1-800-SAVE-BAY. Easy to remember, but some people wanted the Chesapeake Bay Foundation to print it in their direct mail materials as 1-800-729-3229. No problem, said Direct Marketing Manager Danielle Green, except the number was misprinted by one digit. Even worse, the wrong number directed donors to an – ahem — “adult conversations” line.

Green, along with Meg Ferguson, Debbie Young and Erin Monfort, shared some common direct marketing mishaps and how to handle them during the recent Bridge to Integrated Marketing and Fundraising Conference in Oxon Hill, Md.

Chesapeake Bay Foundation’s misstep is an example of what the presenters call a Level Three mistake: obviously, the most serious kind. “An apology is necessary,” said Monfort, annual giving campaign specialist for Catholic Relief Services, based in Baltimore. “You have to make good on whatever you wanted to do. You’ve got to do it fast, as soon as you realize a mistake has been made, and your vendors will have to work with you to understand the importance.”

Less serious mistakes don’t necessarily warrant that immediate response. With a Level One mistake such as a typo, you might just need to let your manager know. Most errors of those types “go unnoticed by the recipient,” said Monfort. For a Level Two mistake such as a broken web link, it’s probably enough just to resend the email or, while costlier, the direct mail piece.

Ferguson, director of operations at direct marketing firm PMG in Columbia, Md., said some of the most common types of direct mail mistakes include the components not fitting in the envelope or they’re folded wrong; the scanline was forgotten; the address block is cramped; variable content is causing a different flow; instructions are not complete or clear; and, United States Postal Service (USPS) regulations are not being followed.

“Mock it up,” said Fergusun. “Get out the paper, the scissors and the ruler, and fold some stuff. Make sure everything works logistically.”

While email mistakes don’t cost money in the form of resending materials, they do take time. And, according to Young, senior project manager at The Engage Group, based in Columbia, Md., email might lend itself to more mistakes than direct mail. With email, she said, “a last minute change can be made before recipients get it. It often has copy, query or design changes. Having QC (quality control) and prevention is critical in making sure changes don’t have some other impact.”

One of the most common email mistakes is a placeholder. “’Hi, [firstname]’ is probably the most common error in email, said Young. She said to test your personalization every time, and know your formatting code for each delivery system. “People are often working off a Word doc, and it looks like some kind of code but it’s not specific to that program,” said Young. “The practice we have is to get the personalization code down first. Don’t use placeholders.”

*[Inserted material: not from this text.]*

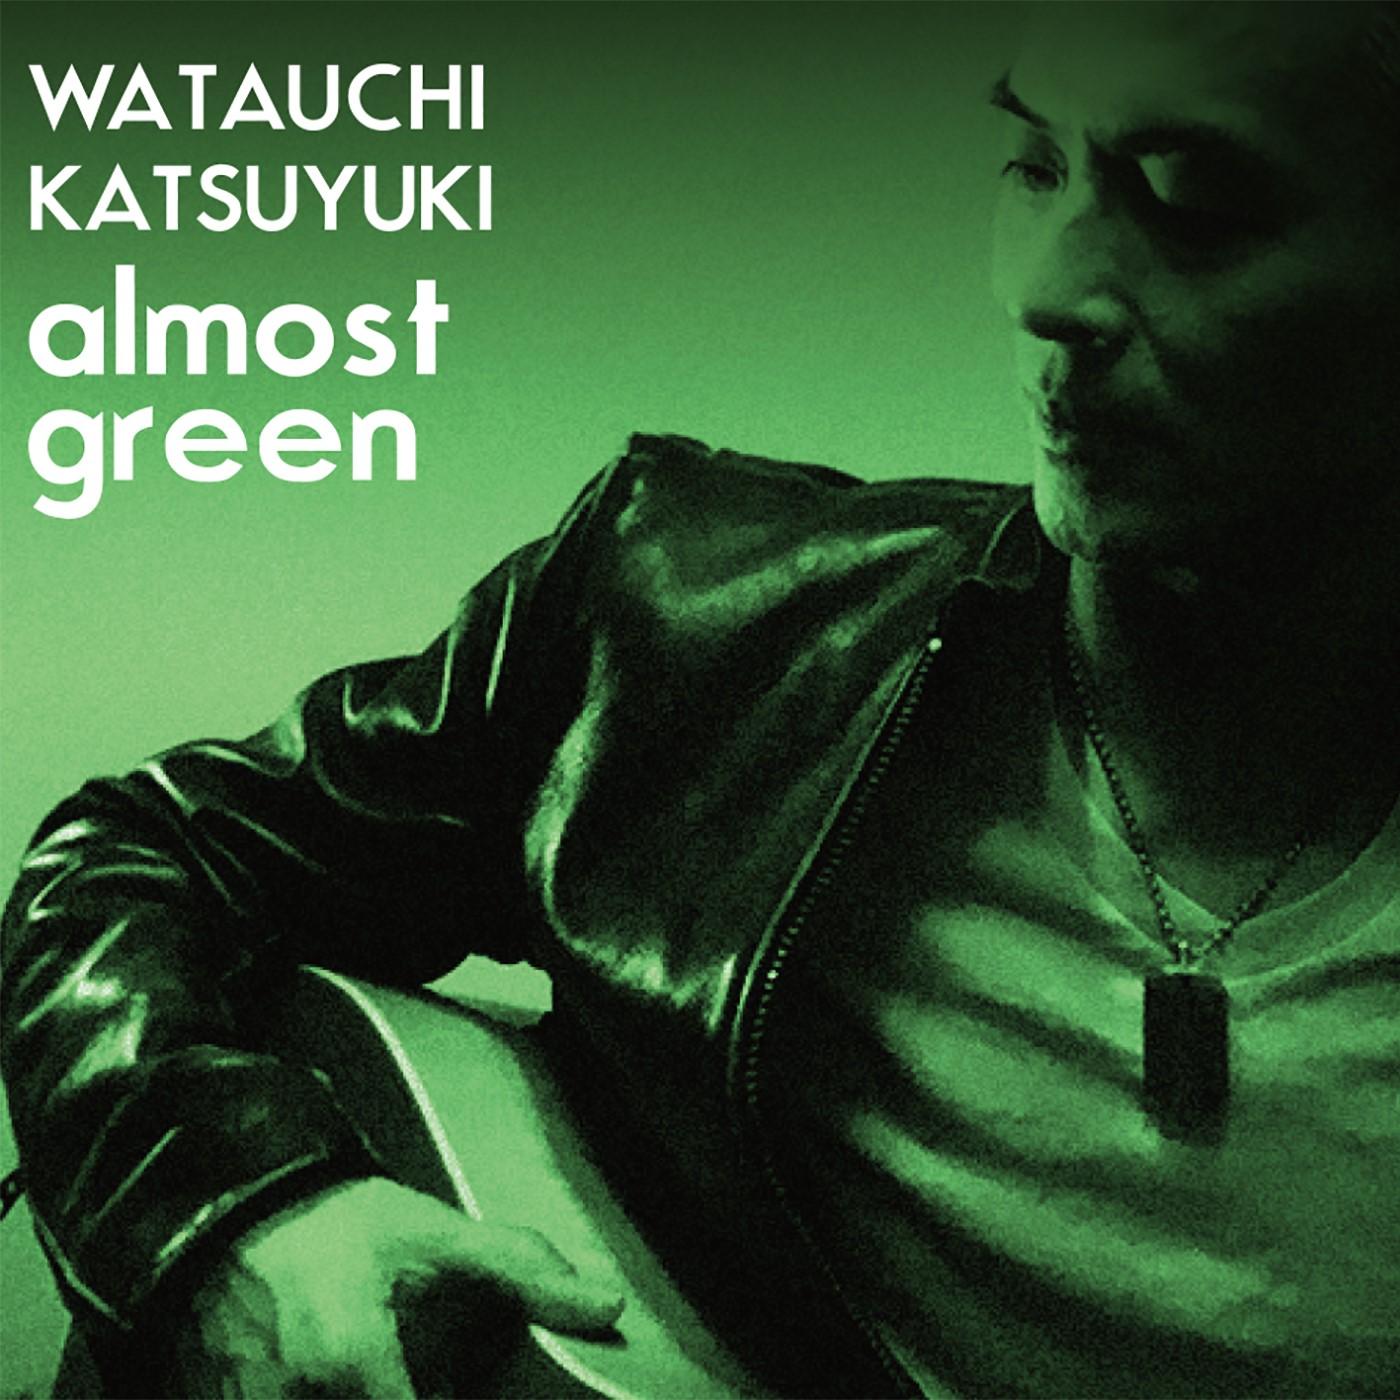 綿内克幸、7年ぶりのオリジナル・アルバム 「almost green」4月15日配信開始サムネイル画像

Young suggested a pre-send checklist for preventing mistakes. The trick to a checklist, she said, is starting over every time you make a change. “Along with that, no matter how diligently a project manager does her own QC, we use the third set of eyes rule. Get another person far removed from the project. Sometimes you’re so close to a project that you don’t look at it the same as someone farther away.”